• Collected material:
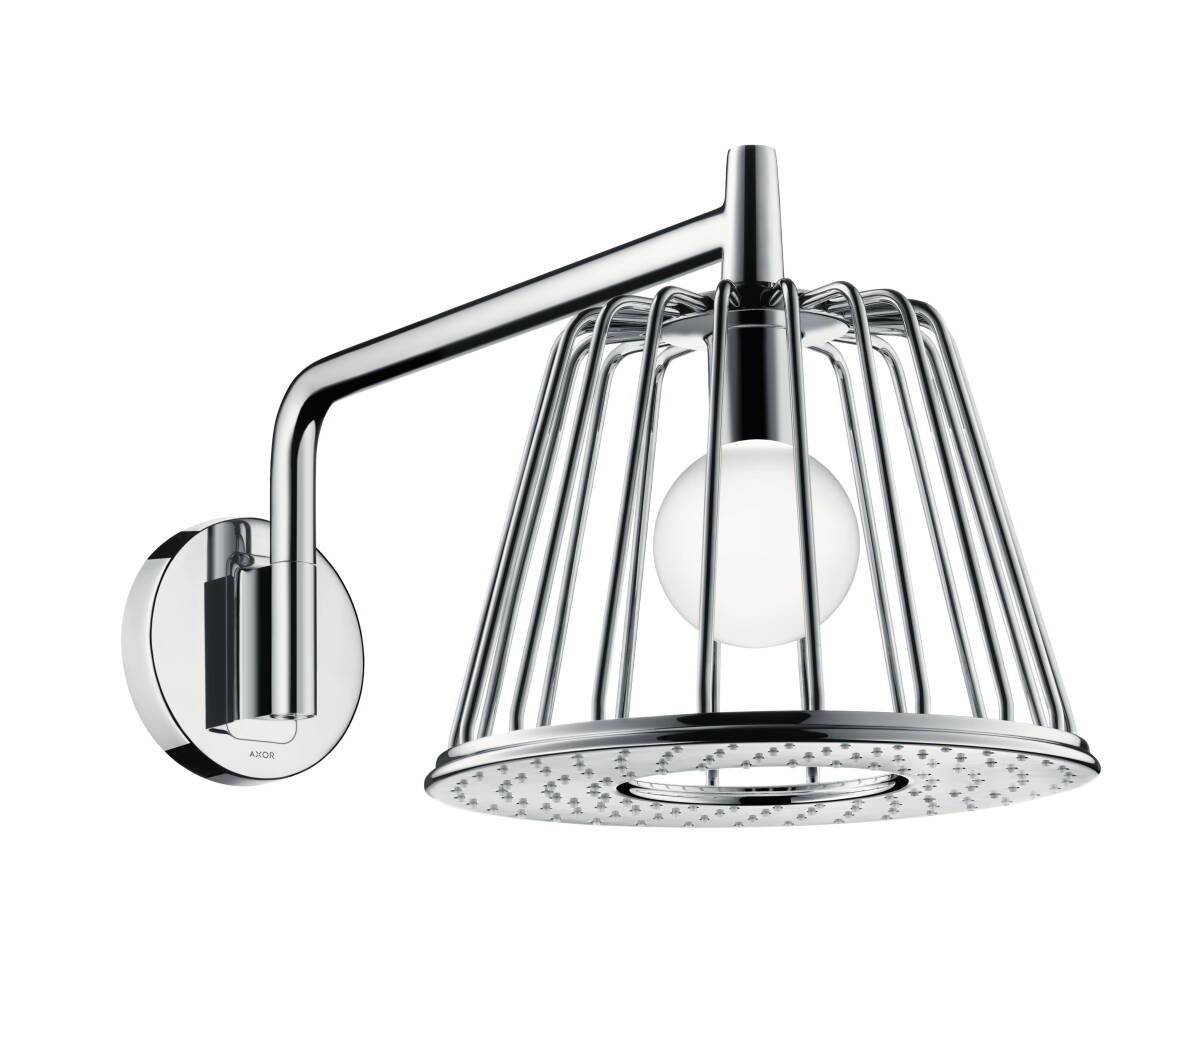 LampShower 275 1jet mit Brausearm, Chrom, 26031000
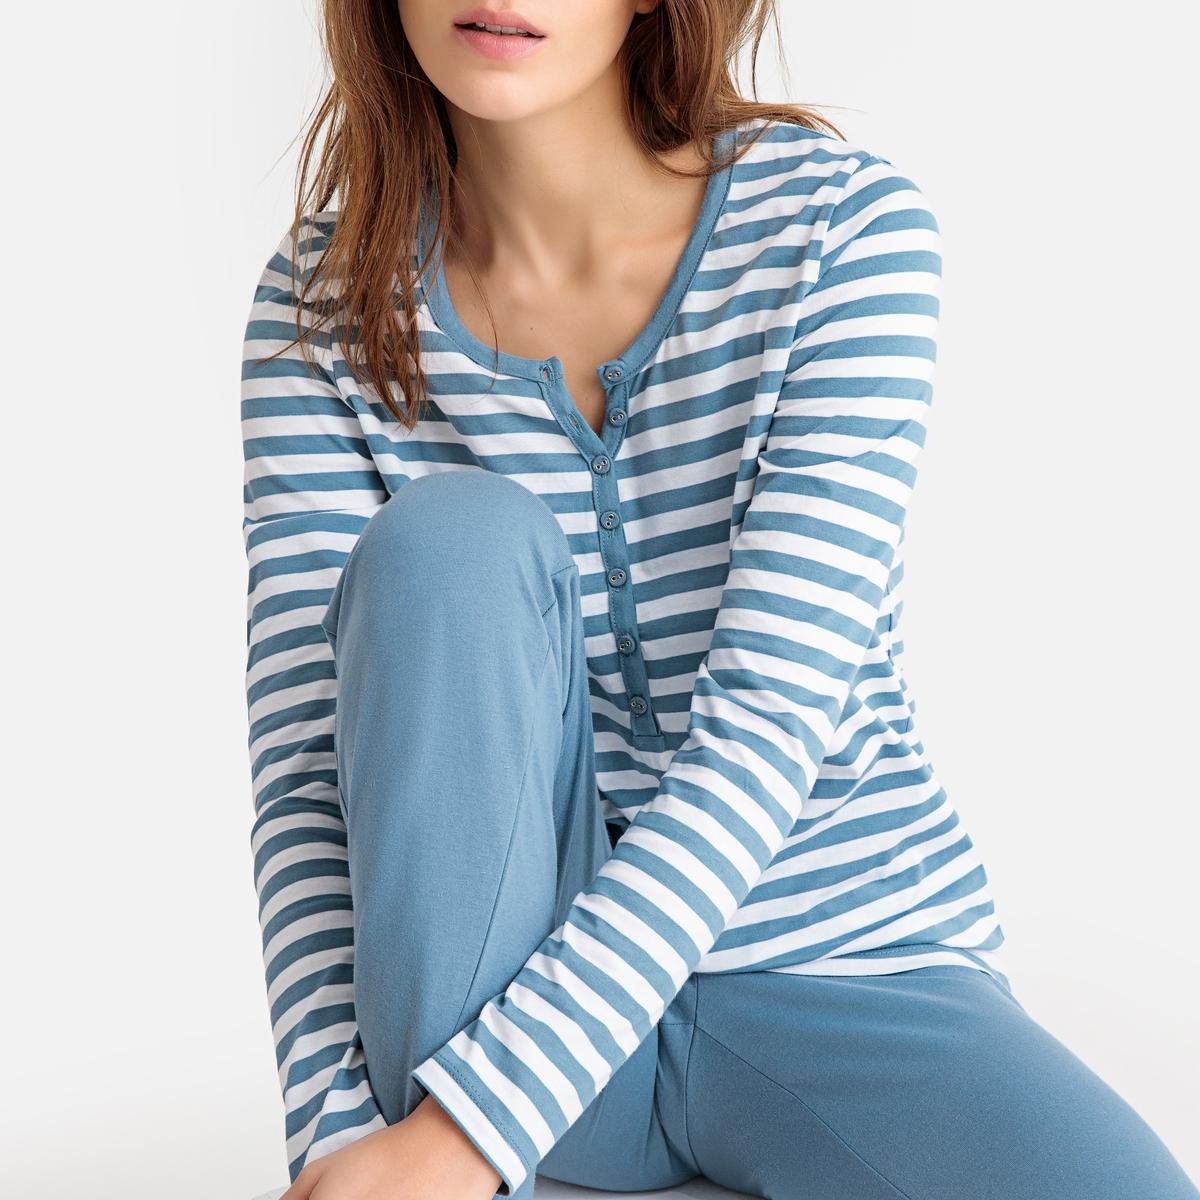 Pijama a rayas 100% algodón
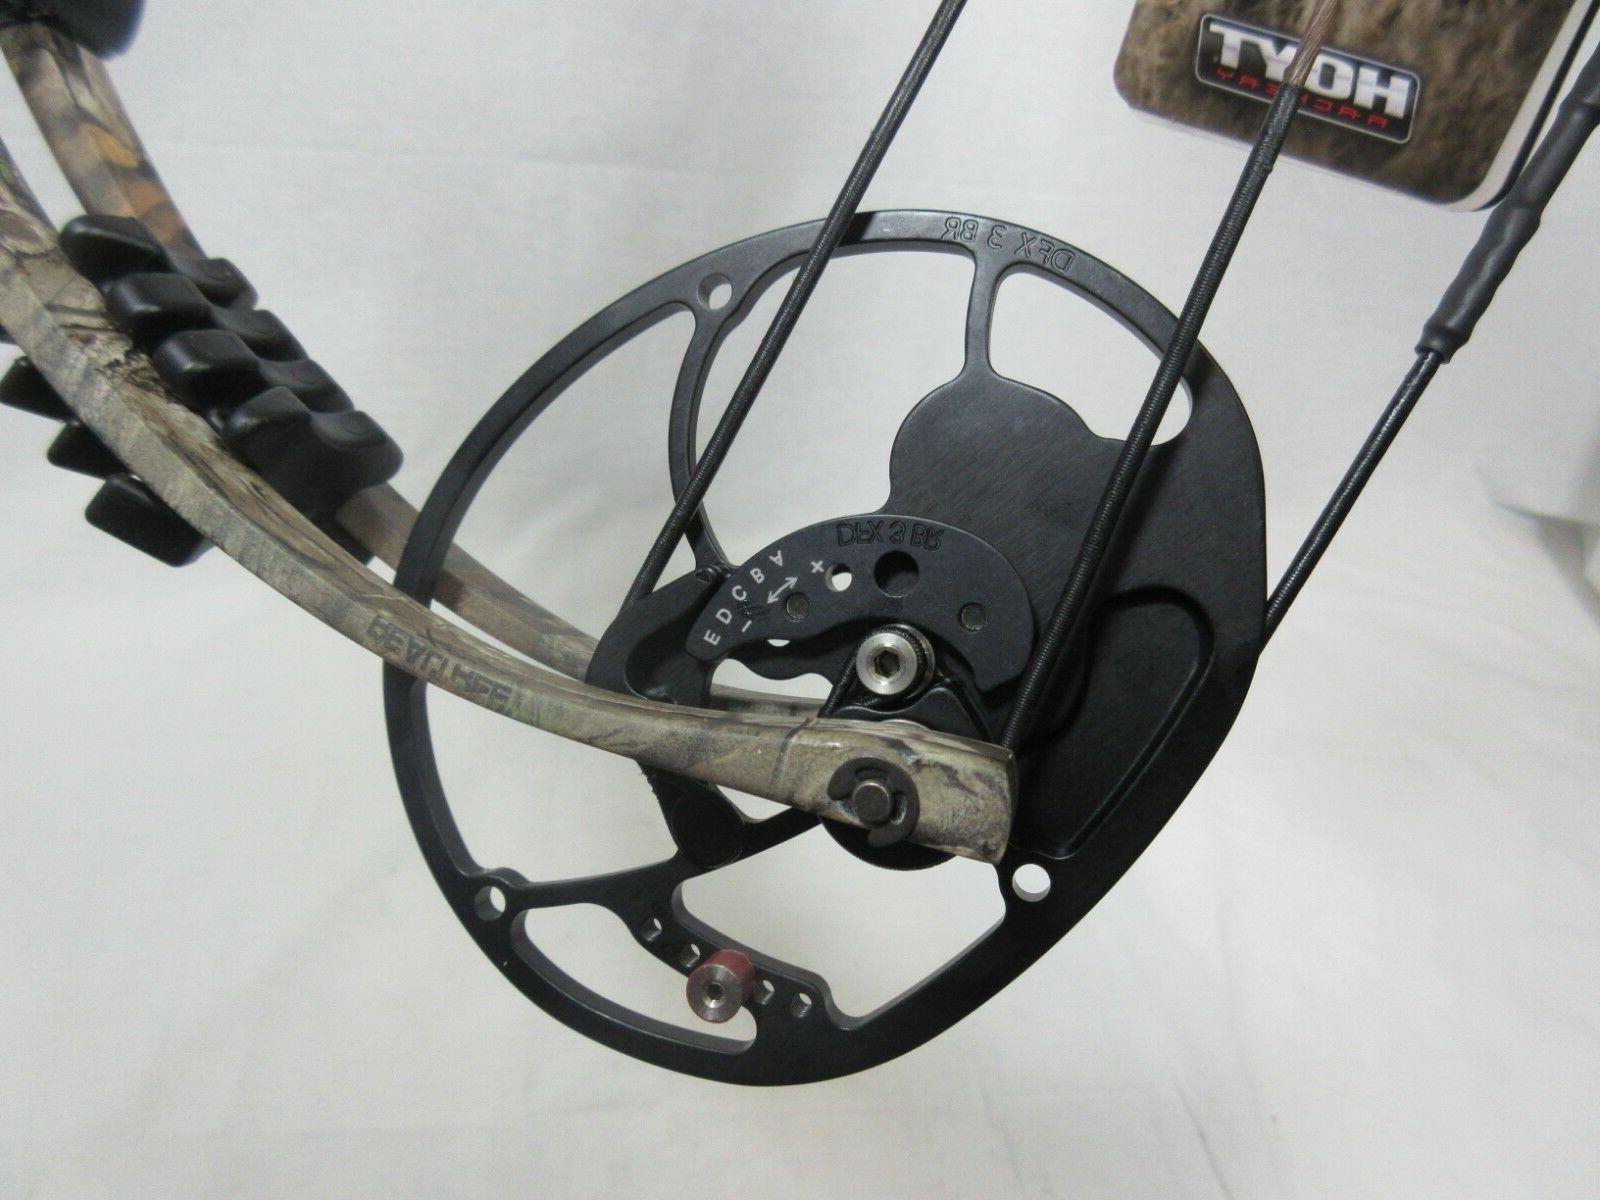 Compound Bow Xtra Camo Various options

• Task requirements:
Reproduce each line above exactly, but not a single picture.

• Exercise response:
 LampShower 275 1jet mit Brausearm, Chrom, 26031000
 Pijama a rayas 100% algodón
 Compound Bow Xtra Camo Various options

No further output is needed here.